A no dilution privilege is precisely that, a privilege and not a duty. There is no reason to believe the shareholder is being greedy, after all, they are adding risk to their own position at the same time. A no dilution privilege only gives the right to maintain a constant percentage, if there are no resources to protect or maintain that right then it vanishes as if it did not exist.
"Full consensus" is not a well-defined term. Hopefully, the articles of incorporation define what that means exactly or it will simply be a majority-rule based decision.
Unless he is the majority shareholder and controls the board, then he cannot force the shareholders to dilute. If he is the majority shareholder, then it was foolish to enter into a written contract regarding the firm when informal understandings and ideas mean nothing legally.
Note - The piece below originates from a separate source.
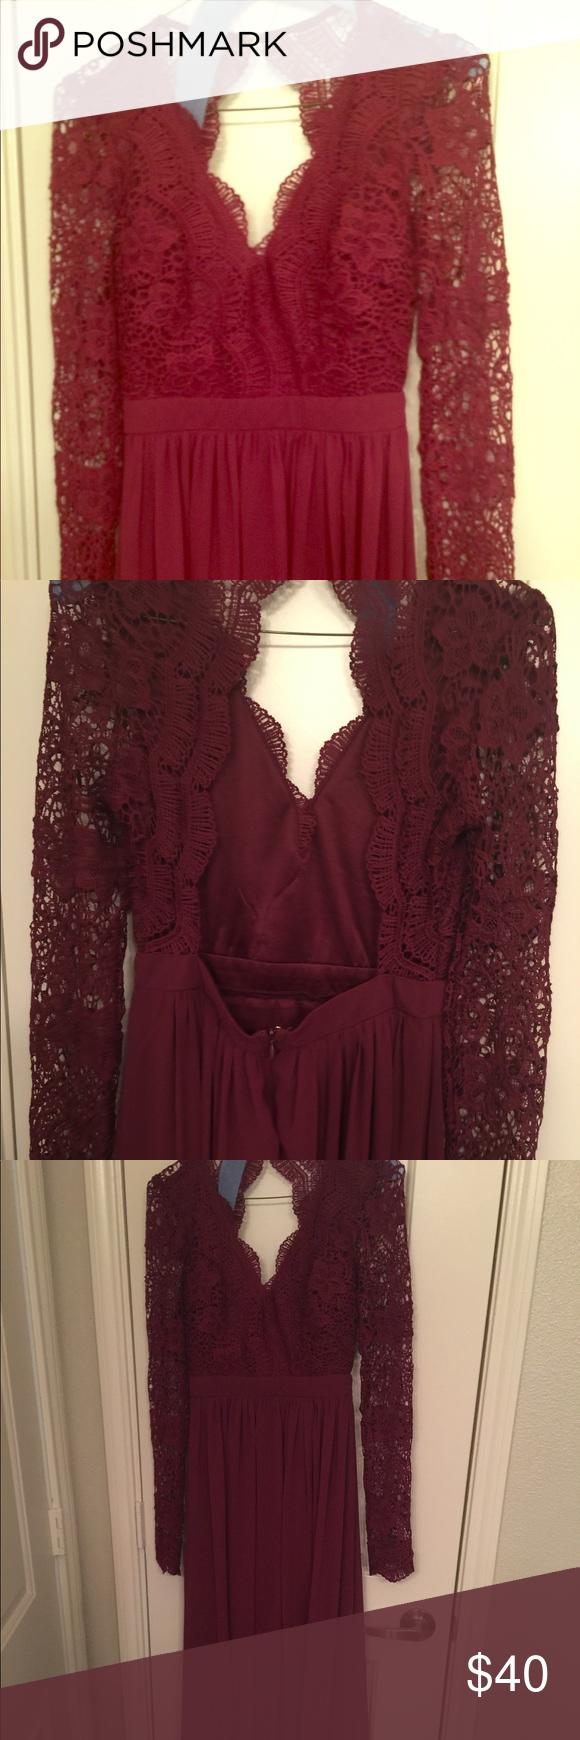 Eveningformal dress never been worn maroon long formal evening

If you believed you were going to be protected, but are not, then the lesson is to hire a good attorney to explain fully the set of scenarios that could happen in the future.
Things like this are very common with angel investments and venture capital investments. Indeed, they plan for it. If they insisted on the no dilution agreement, now you know why.
The only control you could have is to get a majority of the existing shareholders to refuse to expand the company and to choose a board that will support your interests.
EDIT
I realized that I didn't fully answer the question. The only real choice is to borrow money. Class B Common Shares have to get voting rights or they are not common shares. Preferred stock won't work here unless someone is very generous. Preferred stock is a creature of the tax code and unless one of the partners or a vendor is a corporation, nobody is going to want it. Debt issuance is your only escape from dilution if every partner cannot pony up their proportionate share of the needed funds.
You will want to visit a local attorney to see how the local judges would interpret "full consensus." Governance structures in corporations are important as is the language people put in charters and by-laws. Contingencies like this should be mapped out before capital formation and not after founding. A board of directors has a fiduciary duty to the shareholders and the firm. The language may be interpreted with respect to that duty if the issue is survival rather than expansion.
In the case of survival, a judge may reject an individual shareholder's veto if it kills the value to all shareholders. If it is about expansion, the judge may simply say "too bad." This is a question for a local attorney first and foremost. The judges in your county or parish may react differently than a judge in a neighboring county or state. There could also be decided law on this matter in your jurisdiction.